Charles Z. Klauder’s sophisticated design for Mitchell Hall included a domed central space over the auditorium, a balcony that ran along three sides, and a handsome vestibule. The three doors that gave entry to the building from the front were surrounded by carved white marble. H. Rodney Sharp paid close attention to the planning and execution of every detail that went into the building--the fabric material chosen for the auditorium seats, the heating system, even the choice of marble for the bathrooms. The stage was designed to accommodate a large organ, valued at $100,000, that Pierre du Pont donated to make way for a new organ at his Longwood Gardens estate. On the day that Mitchell Hall was dedicated, H. Rodney Sharp held a luncheon for 250 guests, including many members of the du Pont family, in the refectory in Old College. Afterward, his guests gathered in the new auditorium to enjoy a series of brief performances that demonstrated the building’s versatility. These included an organ recital, a one-act play written and acted by students from the Men’s College, and a concert by the Women’s College Glee Club. The Student Council presented H. Rodney Sharp with a bronze plaque, now affixed to the front of the building, proclaiming that Mitchell Hall was "The Gift of H. Rodney Sharp, Class of 1900."

As Rodney Sharp had anticipated, his magnificent gift became a centerpiece of life at the University, a place where students from the Men’s and Women’s Colleges worked together to produce theatrical and musical events, where members of the entire campus community gathered for meetings and ceremonies, and where citizens, students, and University employees attended concerts and plays presented by outstanding professional players.
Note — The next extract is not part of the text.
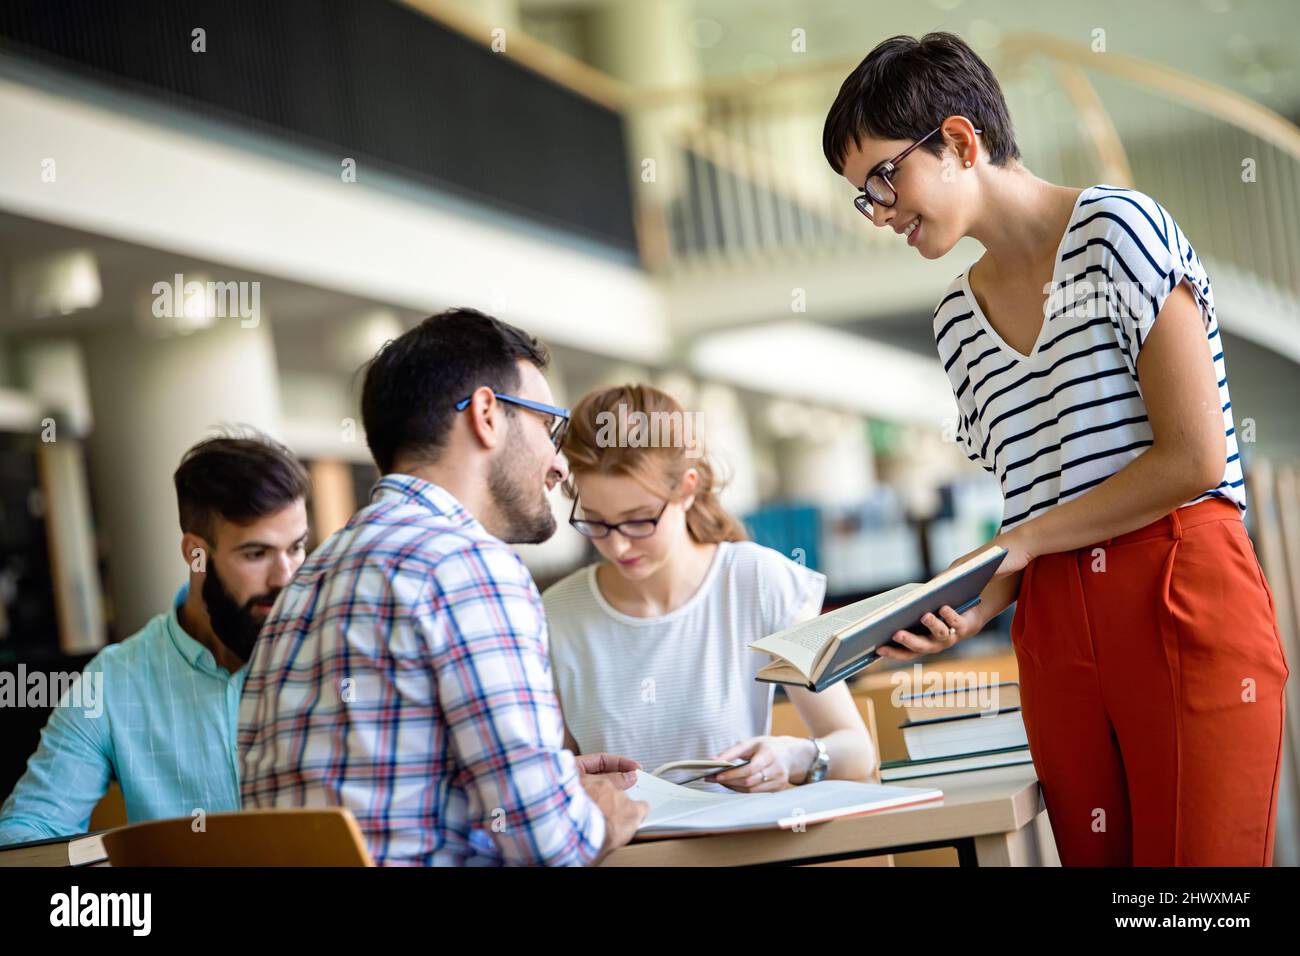 Studenten studieren in der Bibliothek. Junge Erfolge Menschen verbringen Zeit miteinander und lernen gemeinsam. Stockfoto

Although Mitchell Hall remains the most visible sign of Rodney Sharp’s life-long commitment to his beloved College, it was but one among many of his significant gifts. He never stopped thinking about how he might assist the development of the University. During his world tour in 1921-22, Sharp took time to visit the studio of sculptor Eugenio Battiglia in Florence, Italy, from whom he ordered a large sculpture of a Greek discus thrower, or Discobolus, for the University. Chiseled from Carrara marble, Discobolus arrived by steamship in 1923 and was transferred to the gymnasium of the Men’s College. It now stands in the vestibule of the R.R.M. Carpenter Sports Building.